Sunday, 9 June 2013

Talented Eggs and Lou Reed's Kidney

Two uncomfortable truths I’ve discovered this week: that Lou Reed is apparently one gnarly old arsehole and that you can never find a woman a strong arm and calm nerves when you need one.

Picking up the newspaper from virtual stoop this morning, I noticed that last night was the finale of ‘Britain’s Got Talent’. I’ve now done my background research on Youtube and watched the highlight of the evening as an imposter leapt to the front of the stage and pelted Simon Cowell with eggs. Unfortunately, the excitement of the moment seemed to have affected the poor girl’s aim. Months of throwing lead-filled coconuts clearly didn’t pay off as she repeatedly missed her target. However, as memorable moments go it was certainly one of the better things to come out of that buzzard of a show in a very long time.

It did get me thinking about Lou Reed. In an article this week, journalists reflected on the worst interviews they’ve ever conduction and Lou Reed, it seems, has something of a legendary reputation for being truculent, rude, and downright offensive to his interviewers. I’ve also read of instances when fans have approached him in coffee shops only to receive a snarl in exchange for their good wishes.

I’ve been a big Lou Reed fan for a very long time, though I’ve also had to dodge the odd egg he’s thrown my way. His recent album, ‘Lulu’, made with Metallica was brave, experimental, and unfortunately utterly unlistenable. In fact, in discovering his music, the only egg I’ve had to dodge that had a more stinking yolk was 1975’s double album (yes, double album) ‘Metal Machine Music’. I admit I’ve not heard the whole album but I defy anybody to get through the first part without needing to self-harm.



Now that Lou Reed has a new kidney, I sincerely hope it changes his attitude towards fans and journalists who have only ever wished him well.

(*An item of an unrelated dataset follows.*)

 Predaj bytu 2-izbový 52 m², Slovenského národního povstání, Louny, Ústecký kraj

But if it doesn’t, then we’re hardly any worse off. Reed’s last truly great album was ‘Songs for Drella’ (1990) or ‘New York’ (1989) if we’re talking pure solo efforts. Since then, he’s spent twenty years exploring strange barren roads where his audiences have been reluctant to follow. I admire his dedication to his art even if I think there’s a sadistic streak to any artist who enjoys trying to out intellectualise (or out aestheticise) their listener.

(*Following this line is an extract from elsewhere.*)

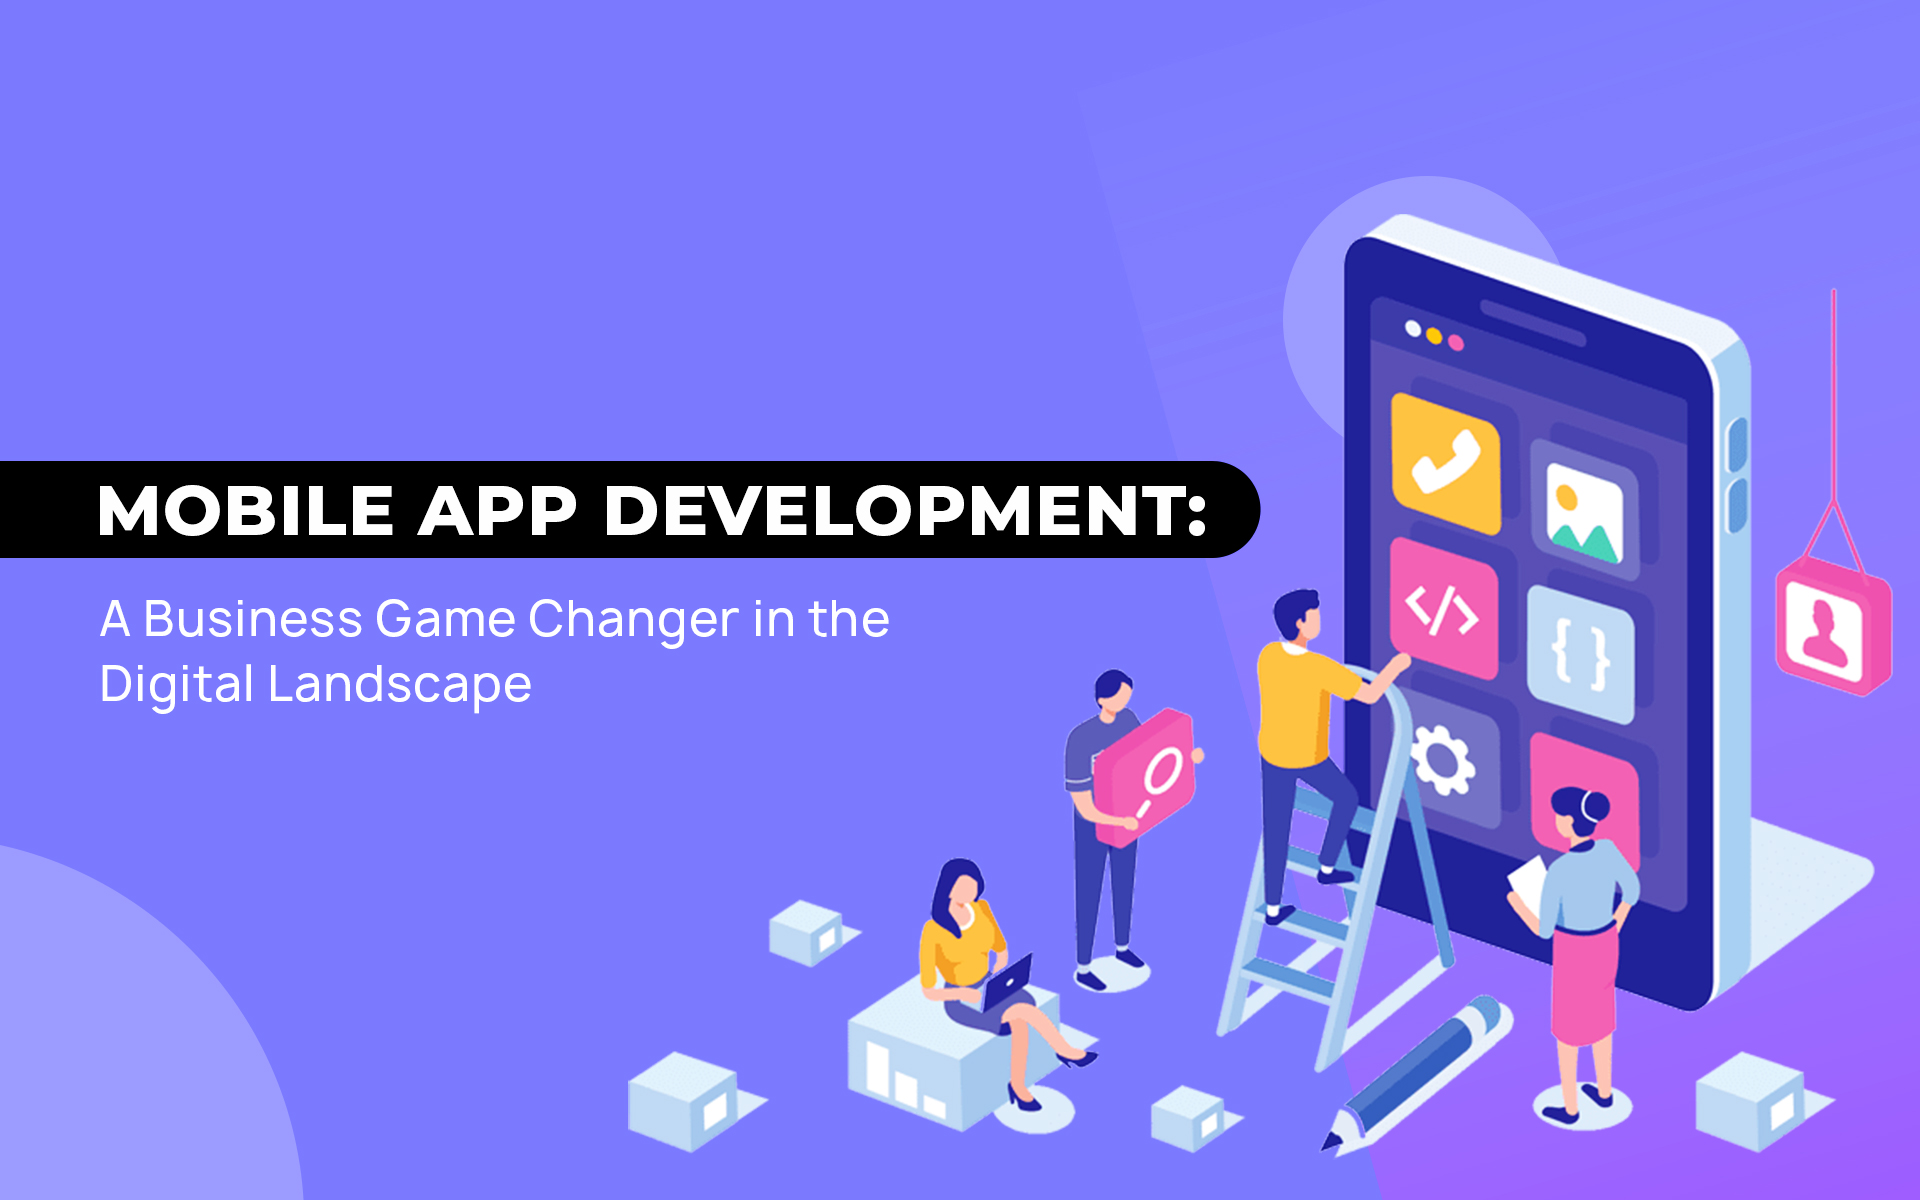 Mobile App Development: A Business Game Changer in the Digital Landscape

Reed’s music has always trod a thin line between musicality and atonality. He found an absolute perfect place with ‘New York’, often boasting that nothing was better than guitar, bass, and drums, only to then head back off into the avant-garde. ‘The Raven’ even had a hurdy gurdy listed in the instrument, for Christsakes! Lou Reed acoustic would, of course, be the way to go. For a man so into Tai Chi, I would have thought he would understand the concept of minimalized effort for maximum result. Experimentation can be a kind of artistic impotence – indeed, it is often used when artists feel stuck and unproductive. I don’t personally hold the line that artists or their art must be difficult to be great but I do think that sometimes it helps fill in the gaps when the talent is lacking.

It helps in the way that our friend the egg thrower showed that if you can’t sing, write, dance, or otherwise perform, then you can still be artistic if you are simply spontaneous, liberated from the rules of the form, and indistinguishable from a wild-eyed lunatic. [Since I wrote that line, I've discovered that the egg thrower is a BAFTA-nominated viola player, which makes her actions even more impressive since they express something about the frustrations of true musicians in an age dedicated to superficiality.] Had I been voting for ‘Britain’s Got Talent’, the egg thrower would have got my vote [This is doubly true give the new revelation]. There was something crass about what she did but at the same time she revealed a more important truth about life than any of the bland acts that made the final. The same is true about Lou Reed, even at his difficult moments. He lives it how he sees it. I understand the vision and I think I understand the man even if I don’t think I would want to meet him.